And let’s talk about the absurdities they embrace. Virgin births? Walking on water? Eternal life? Come on. These aren’t even good lies. They’re embarrassingly bad ones, conjured up by ancient people who didn’t know what stars were, let alone atoms or quantum mechanics. The fact that anyone in the 21st century still takes these fairy tales seriously is a testament to how little critical thinking religion requires. Science, by contrast, has given us the tools to split atoms, cure diseases, and send machines to other planets. What’s religion given us? Guilt. Fear. Witch trials. Great job, guys.

So why do they reject science? Because science doesn’t flatter them. It doesn’t tell them they’re special. It doesn’t promise them eternal life or divine justice or a reason for their suffering. It tells them the cold, hard truth: you’re a collection of atoms, governed by physical laws, hurtling through an indifferent universe. Religion can’t compete with that, so it hides behind ignorance, fear, and the comforting lies people have told themselves for millennia.

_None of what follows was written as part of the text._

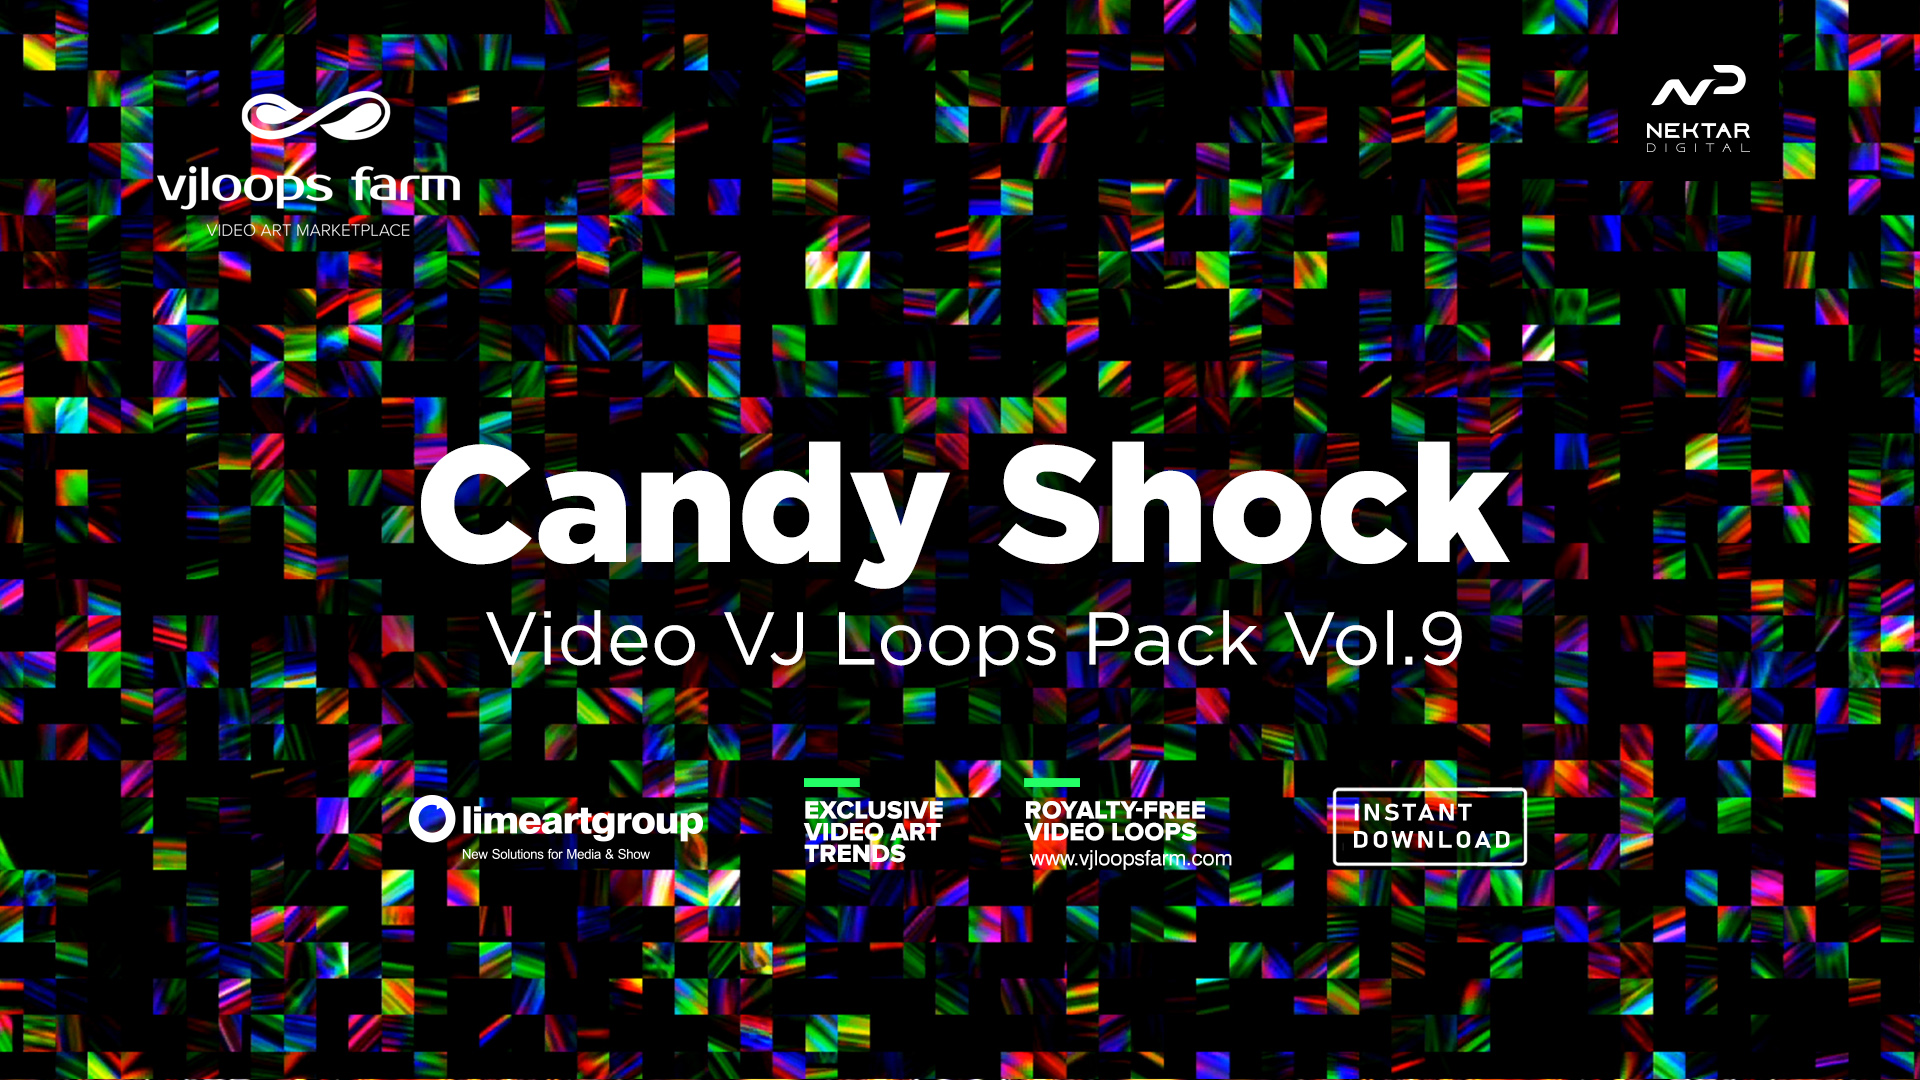 Candy Shock vj loops
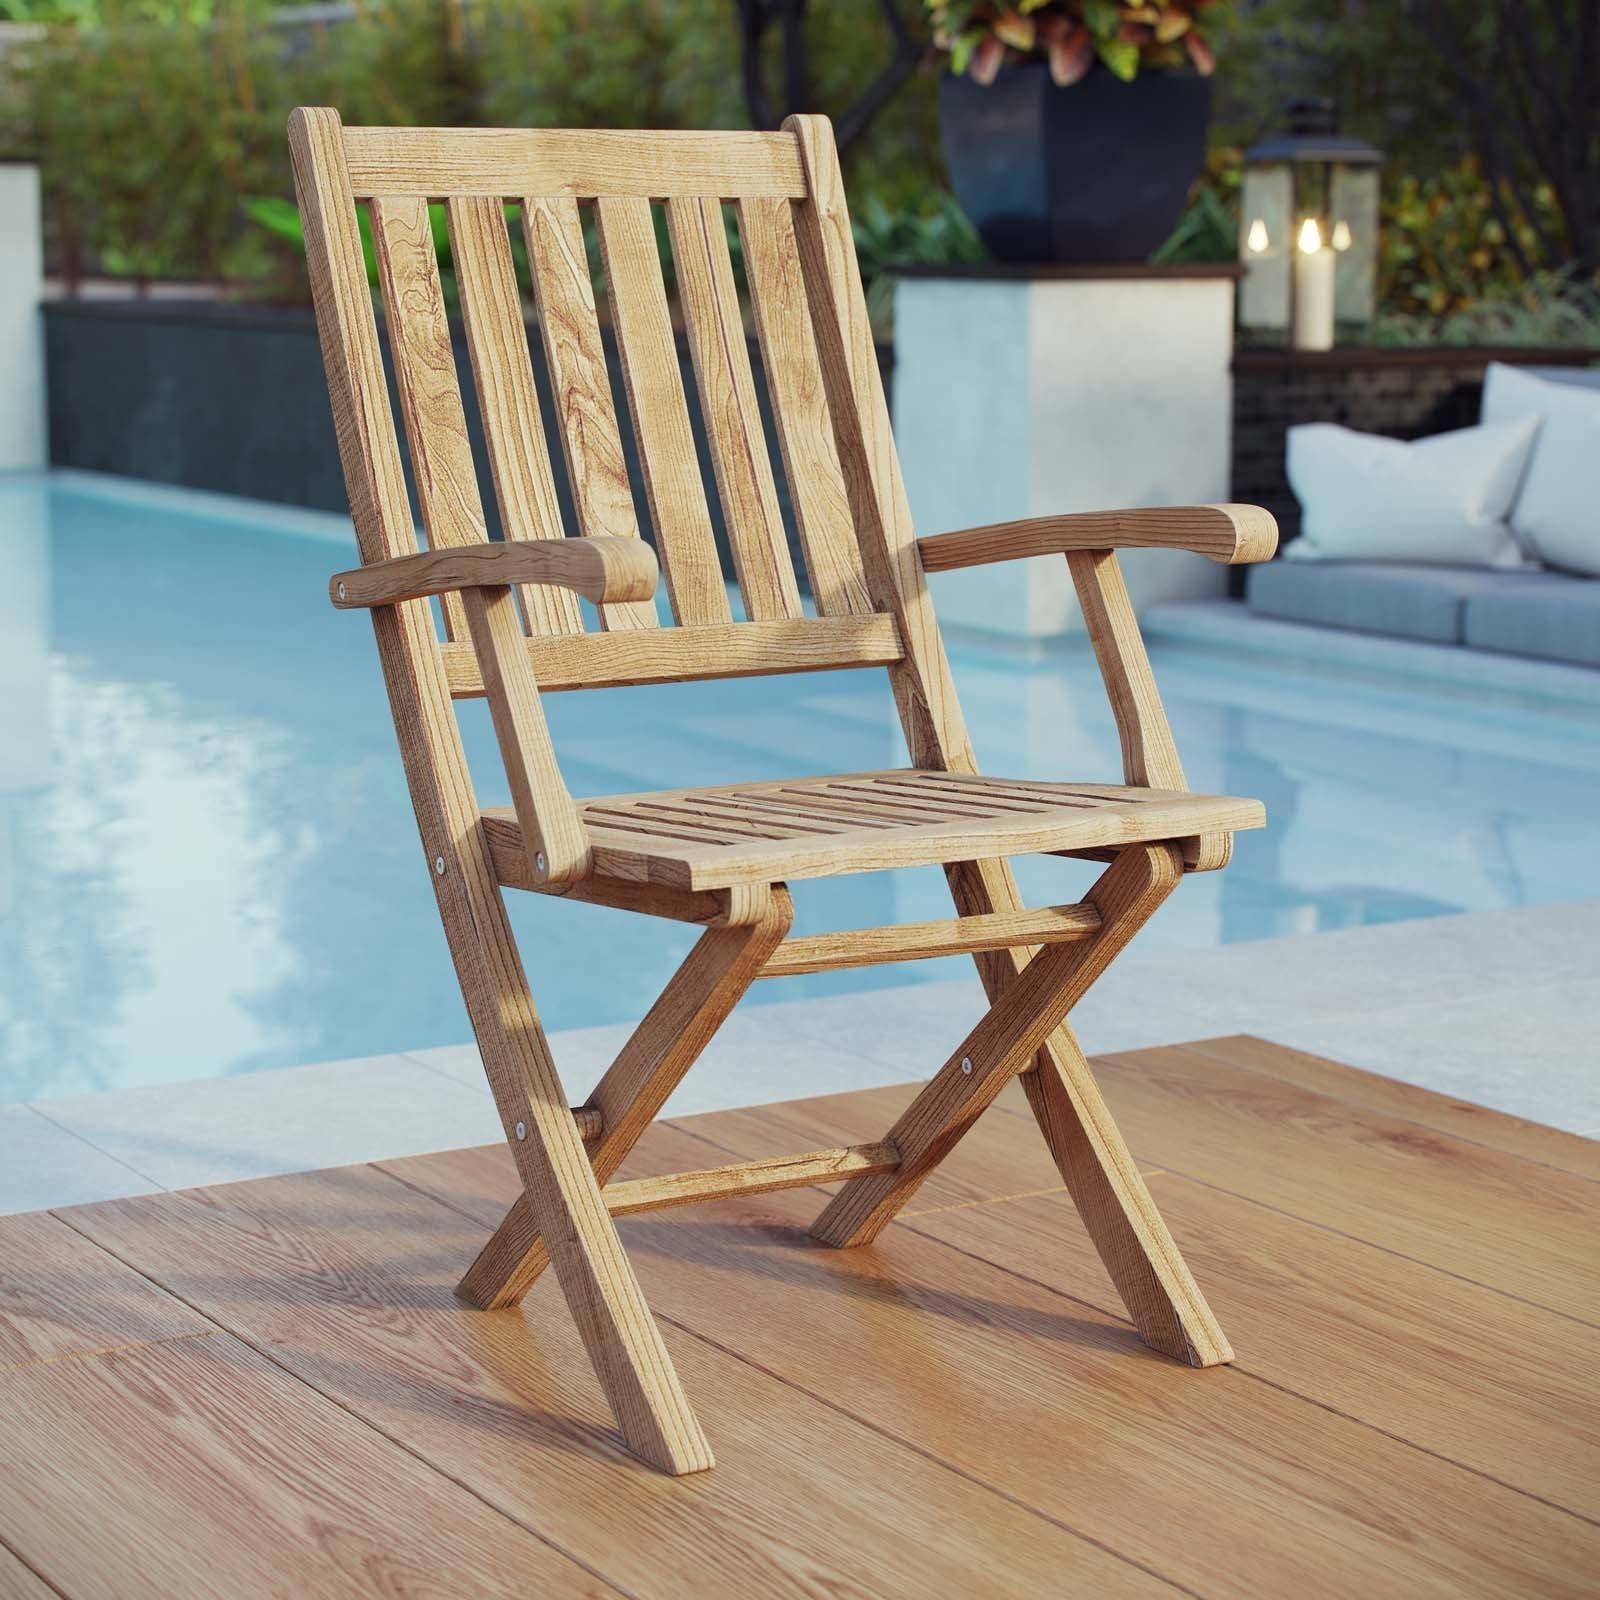 teak folding chair men s valet furniture shop marina outdoor patio on sale free

And here’s the most infuriating part: they have the gall to call science arrogant. Really? Arrogance is claiming the creator of the universe cares about your sex life. Arrogance is rejecting mountains of evidence because it doesn’t fit your holy book. Arrogance is insisting you know the mind of a god while failing ninth-grade biology.

So let’s stop pretending this is a debate. It’s not. It’s reality versus fantasy, fact versus fiction, science versus superstition. And the only reason religion still exists is because some people are too scared, too stubborn, or too lazy to face the truth.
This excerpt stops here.